A demonstration at Parliament Square, London in solidarity with the US Black Lives Matter movement, June 6, 2020
Originally published on the Academy of Social Science’s Campaign for Social Science website, and republished by the Birmingham Business School Blog:
The number of Coronavirus deaths in the UK among members of the Black and Minority Ethnic community is far higher than those from white and other backgrounds. A report published by Public Health England confirms the gap.
The global pandemic is accentuating disparities that are already present in society. Marginalized and poor communities from BME groups are being further disadvantaged, as government responses to COVID-19 mirror the same inequalities that inform all aspects of social policy.
This is no accident. It is an extension of the structural and institutional racism in a neo-liberal society. Those commentators who are bewildered by evidence of the virus having a greater effect on BME groups? Frankly, they are unaware of many aspects of daily life in the UK: unaware that BME groups are more likely to be employed by the NHS or in care work, that they are more likely to live in poorer housing and experience overcrowding. BME people experience poorer health outcomes as a general rule, rather than as a consequence of the current exceptional circumstances.
Richard Delgado and Jean Stefancic summarized the everyday experience of racism in all aspects of life as “ordinary, not aberrational – ‘normal science’, the usual way society does business”. The disproportionate impact of COVID-19 on the lives of BME people is an ordinary consequence of our welfare state and of the priorities that inform the provision of healthcare, employment, and education.
For more than 25 years, I have researched the ordinary and everyday racisms present in Britain. The most startling conclusion is not the extent of racism. Rather it is the ease with which it is acknowledged within policy and the abiding sense that nothing ever really changes. Five years, or ten years from now, we will face a new crisis and we will read the same media commentators expressing their bewilderment in the face of BME people dying unnecessarily.

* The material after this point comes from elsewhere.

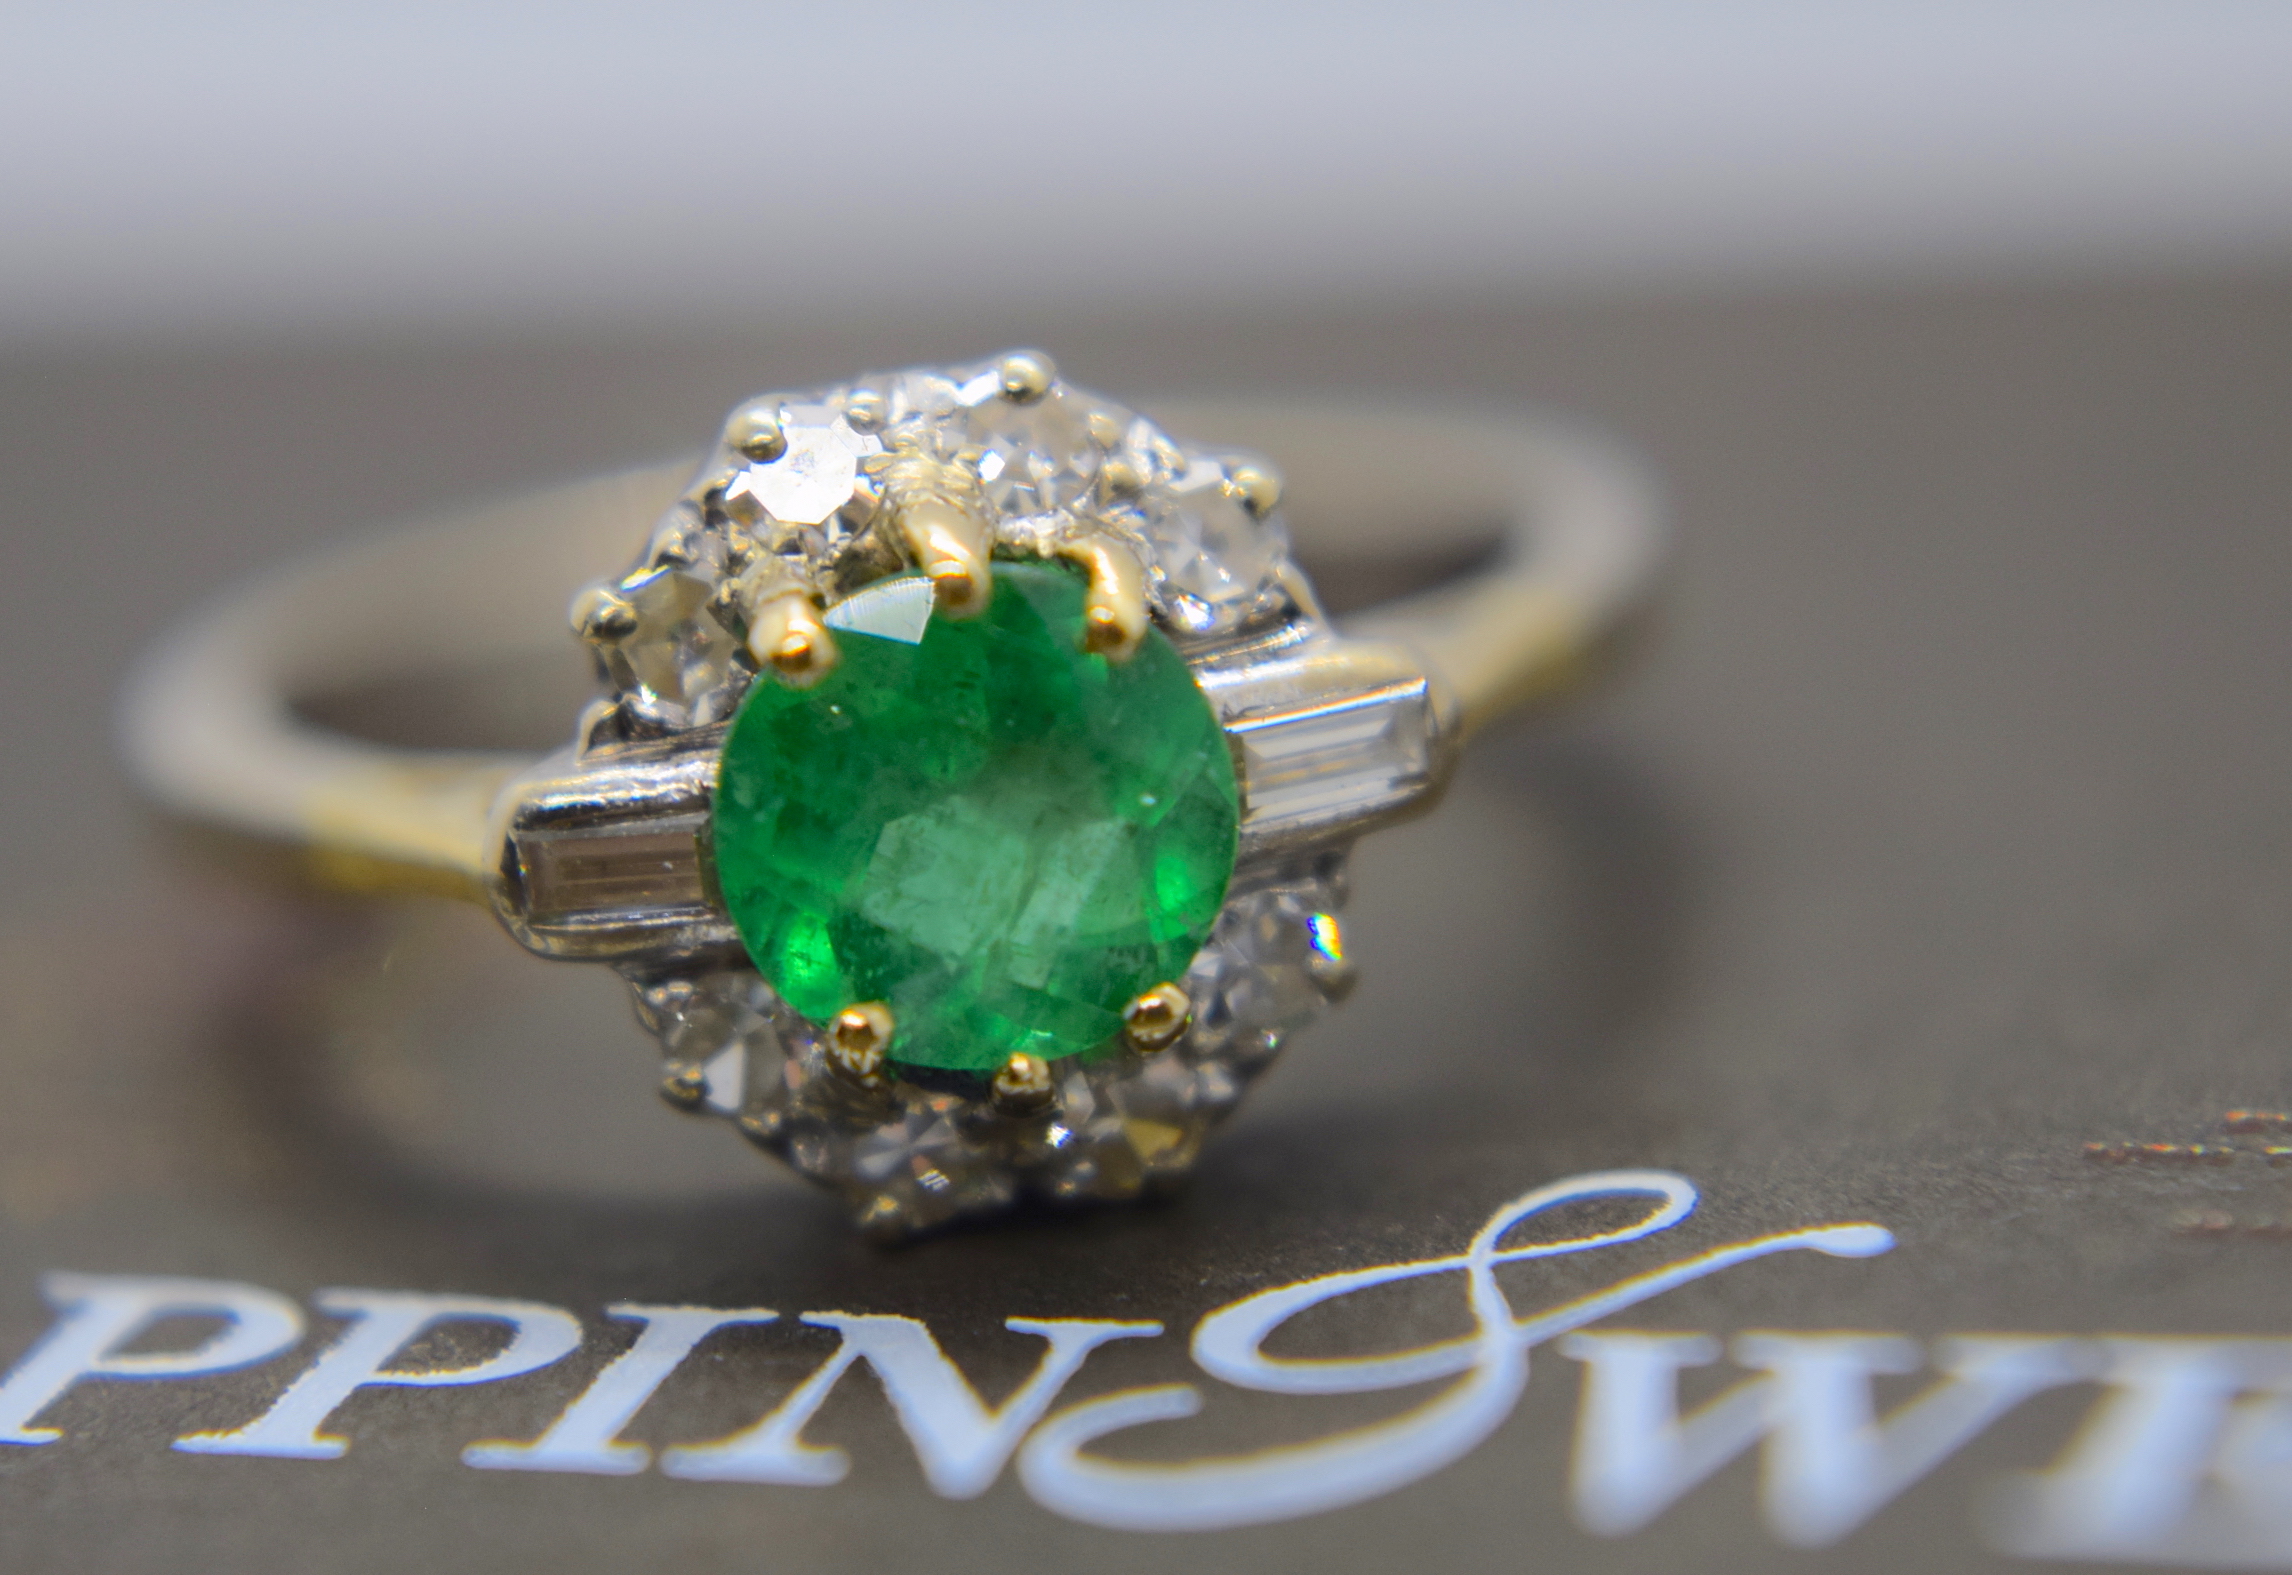 1.40CT EMERALD & BAGUETTE/ OLD CUT DIAMOND RING IN 18K YELLOW & WHITE GOLD (SIZE L 1/2 - APPROX. TCW

Last year was the 20th anniversary of the inquiry into the killing of Stephen Lawrence. The identification and eradication of structural “institutional racism” at the heart of institutional life was the cornerstone of its recommendations. With very few exceptions, these were widely accepted within public and private institutions.
Sadly, or in a literal sense criminally, these recommendations have been part of the rhetoric of public life rather than actions. The evidence for this failure is abundant — in the numbers of Black men stopped and searched by the police, in lower GCSE and A-Level results and degree classifications for BME students, and in the persistent inequalities in employment and earning outcomes.
We don’t have to look hard to find this evidence. It is out in the open and always has been.
White Privilege: Protect and Survive
It’s hardly surprising that Black groups are disproportionately dying from COVID-19. The predominance of whiteness and white privilege perpetuate and reinforce the powerless position of BME groups.
A denial of the processes of structural and institutional racism that manifests in different ways — education, the labor market, health, and poverty — perpetuates the myth that racism is no longer a problem. COVID-19 has shown us, once again, that this is not the case because racism is so very “ordinary”.
If we are serious about addressing such inequalities and how white privilege works, we must look to improve the lives of BME communities. We must address deeply entrenched structural and institutional racism so we can work towards a society which values equity and social justice for all of its members, rather than the privileged few.